Julie Tucker-Wolek said...

Beautiful post my friend!

Sharla said...

Thank you for sharing, I think this is a great idea and is something that I also need to do. I sometimes just skim the words and then check it off my to-do list, but I don't really gain much from skimming, I need to "feast" or dig "deeper" into the words as well. I also feel that I don't really know what God is trying to tell me or show me what to do, but I know that it's from my end that the communication is lacking. I look forward to your insights and thoughts! Happy Saturday! :)

Unknown said...

Glad to see you digging deeper. Looking forward to seeing your posts and I am trying to dig deeper also. Easier said than done isn't it! Much easier when you are being held accountable.
Love you
pat

Lisa Elton said...

Thank you for opening your heart and sharing this Sav. I wish you all the best and will keep you in my prayers that God will help to guide you through this. Hugs and have a wonderful weekend...you're off to a good start ;)

Miriam Prantner said...

Looking forward to reading these posts each week. Thank you for sharing and I am loving the look of the study room!

Leigh Penner said...

Oh, hugs to you, my friend! I'm sorry to hear about the hurts and struggles you've had, but I'm very encouraged to read of your desire to serve God and to strive for a deeper relationship with Him! I'm looking forward to reading your Deep(er) posts....

Rea' said...

How awesome is that ... I love hearing and seeing peoples "growth" in God! God does amazing things in our lives !!

Jinny Newlin said...

Love this idea, Savannah! I know that our depressing experiences weren't the same, but in a way, I know exactly how you feel and find myself in the same position. I know my Bible and what it says, but I'm finding it difficult to lean in and on its promises after all the struggles. Some days are better than others, but overall, I'm not satisfied. I'm having a hard time trusting it all.

Samantha Mann said...

what a beautiful way to share your journey. i almost teared up when i read about your hurts in 2013 and the beginning of 2014. i am so sorry, savannah, i didn't know! i think this is a wonderful way to dig 'deep'-er and (if possible!) i have even more respect and admiration for you!

cm said...

My dear Savannah - I'm light years behind in commenting, but know (and I believe you do) that I think of you, and send prayers your way, every day!

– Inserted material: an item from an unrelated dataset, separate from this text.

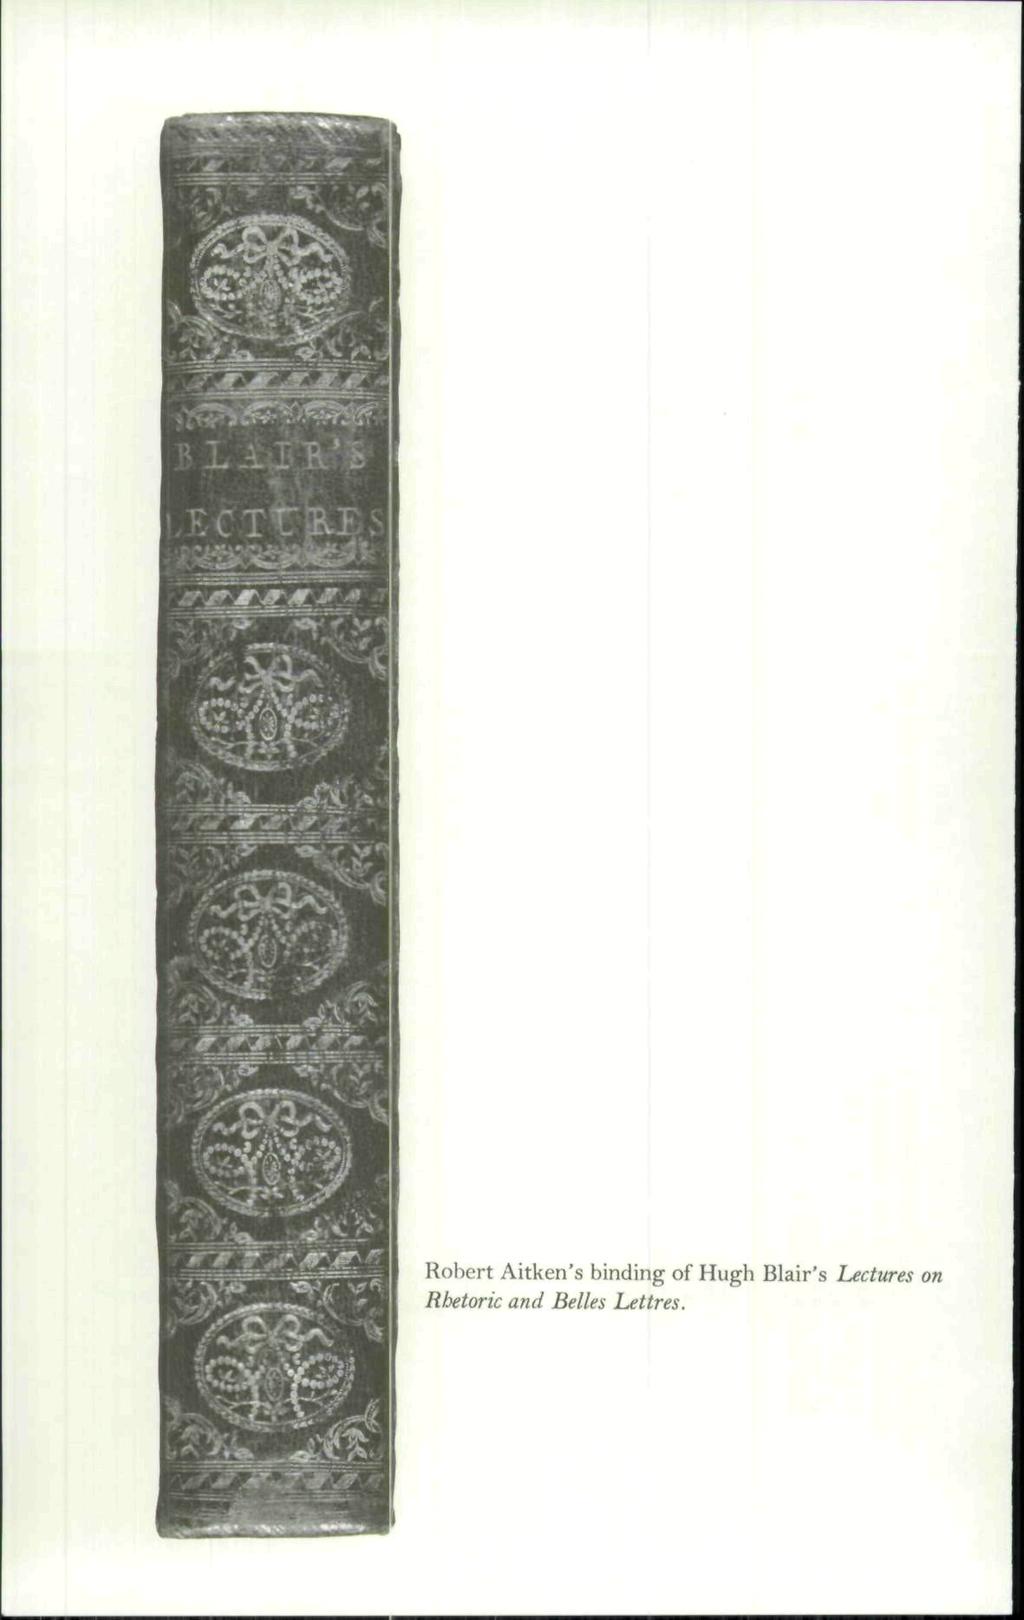 liohert Aitken's binding of Hugh Blair's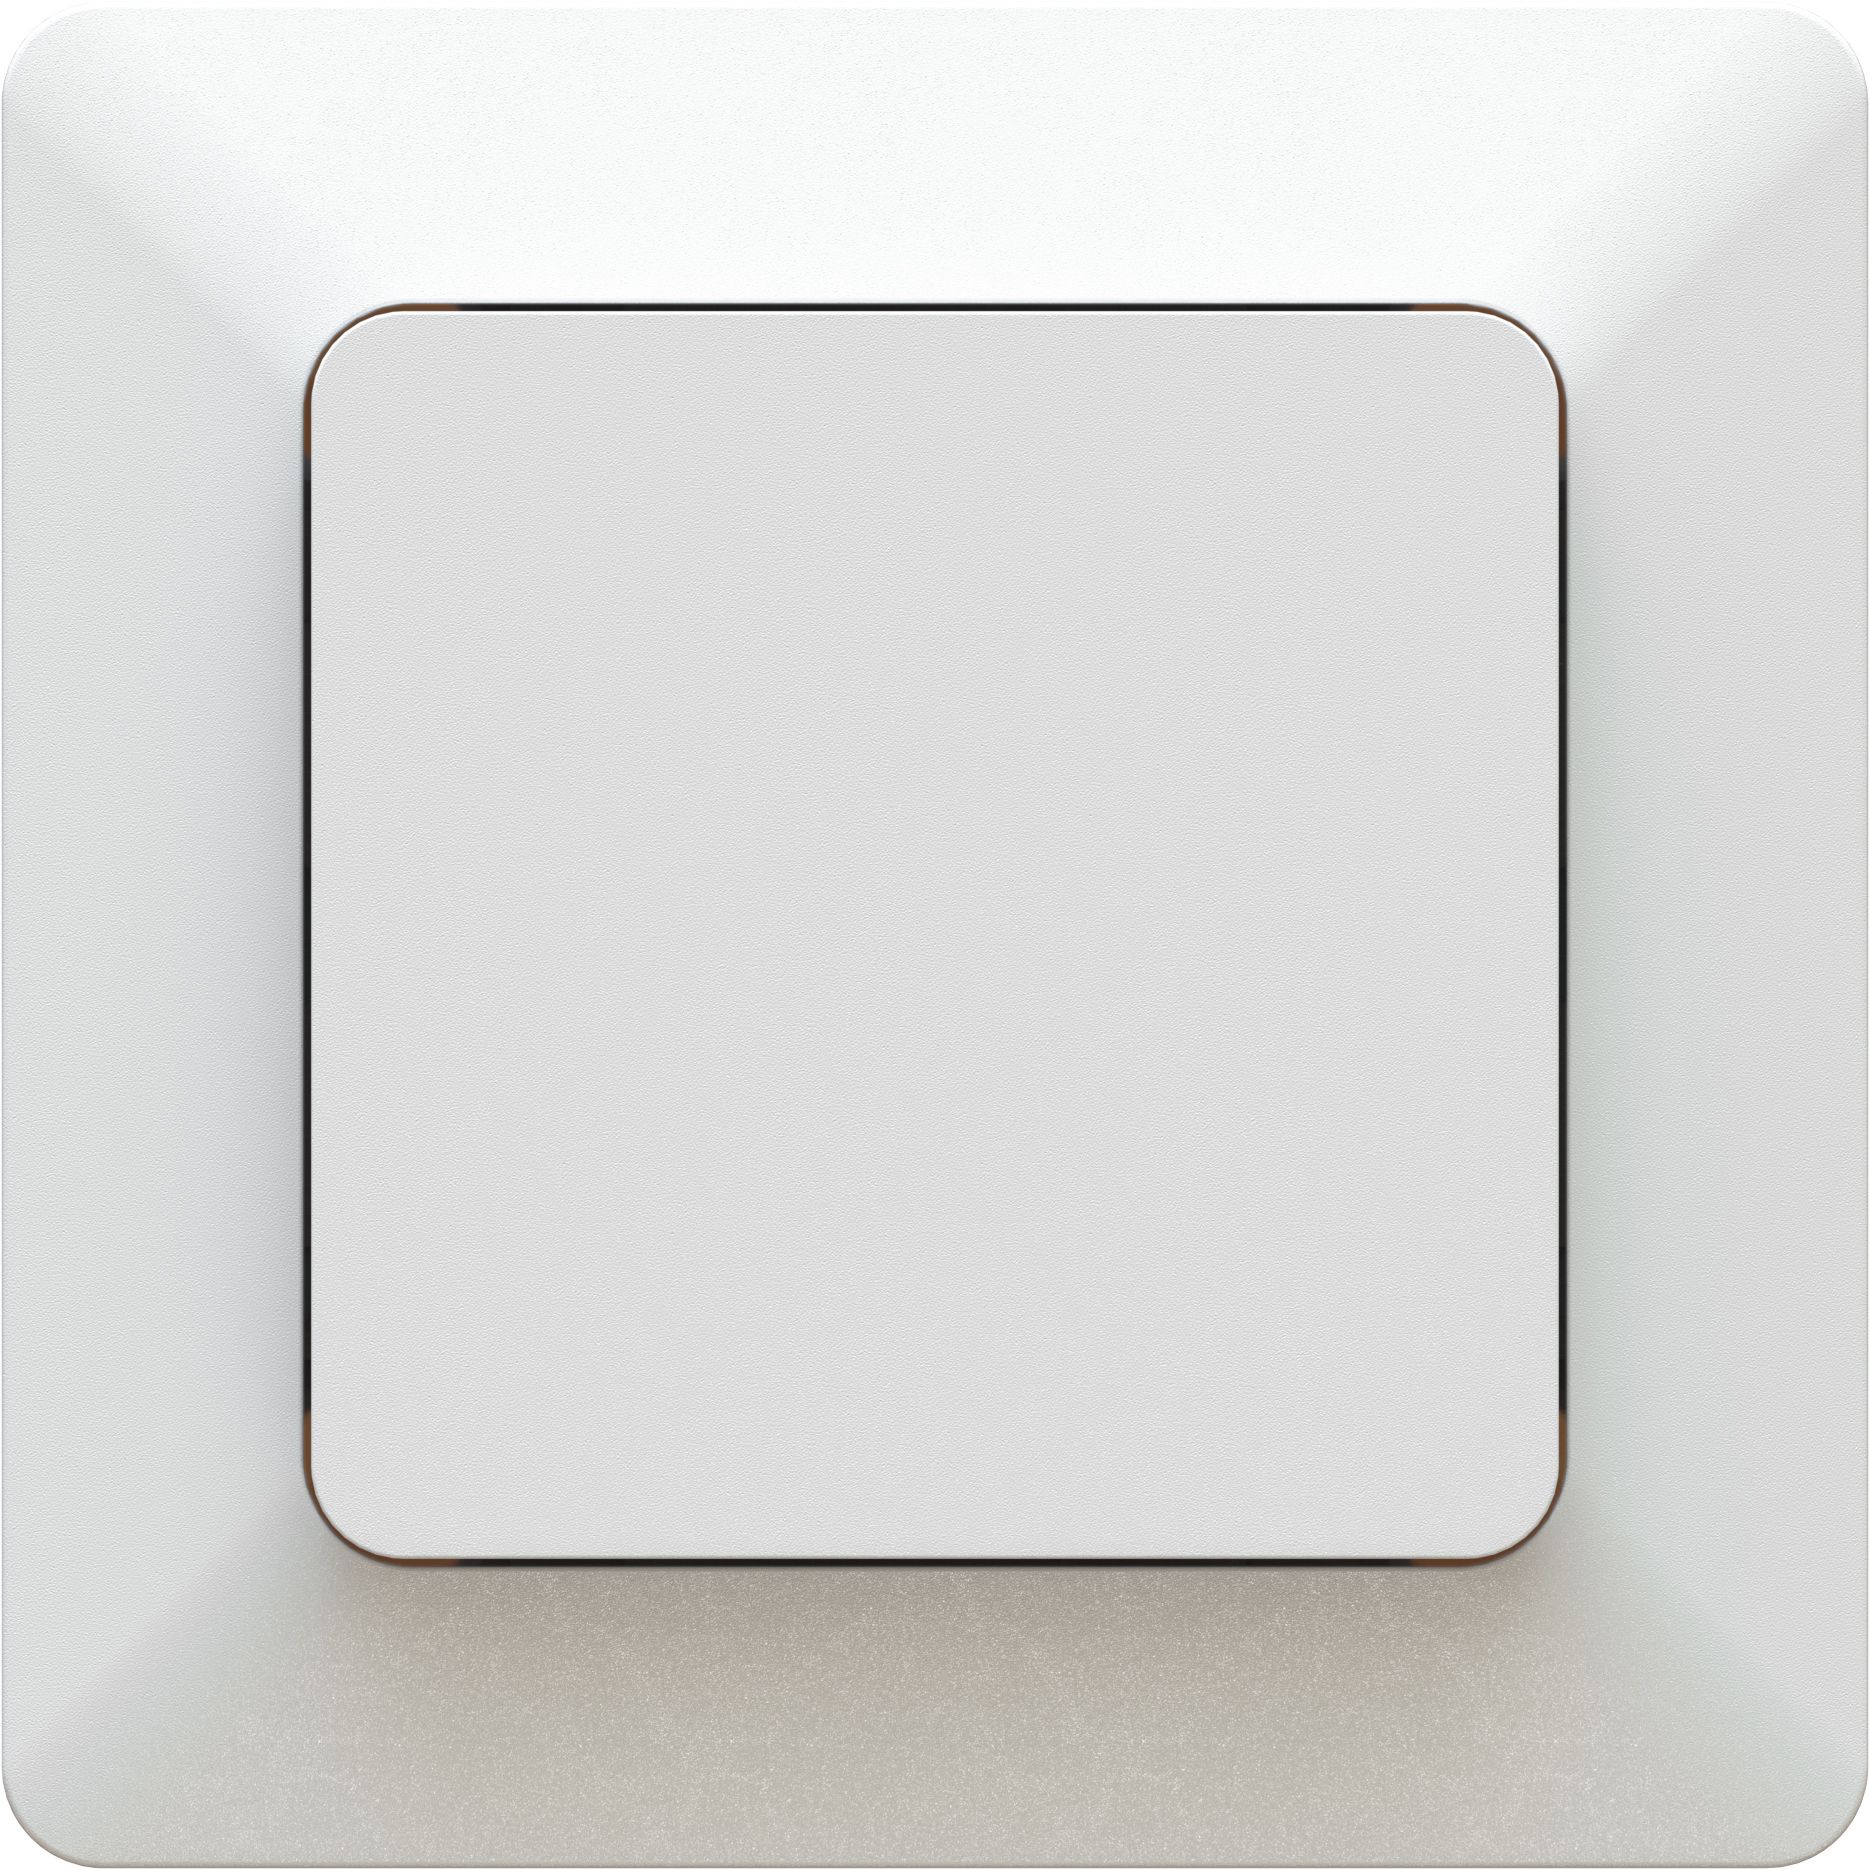 Flush-type wall impuls switch schema 3 white

I'm applauding your courage, initiative and ambition in sharing these very personal, very real, very sincere goals and experiences with us. Your commitment to this journey is one of healing for you, and inspiration for us. Your willingness to dig deep, and deeper, is a message that is taking hold within me right now. Placing trust in your journey of listening to God's 'directions' for you will lead to 'light.' You've spent time in the darkness, so perhaps this is a key part of the map to healing...Proud of you, sweet Savannah! You're such a gift!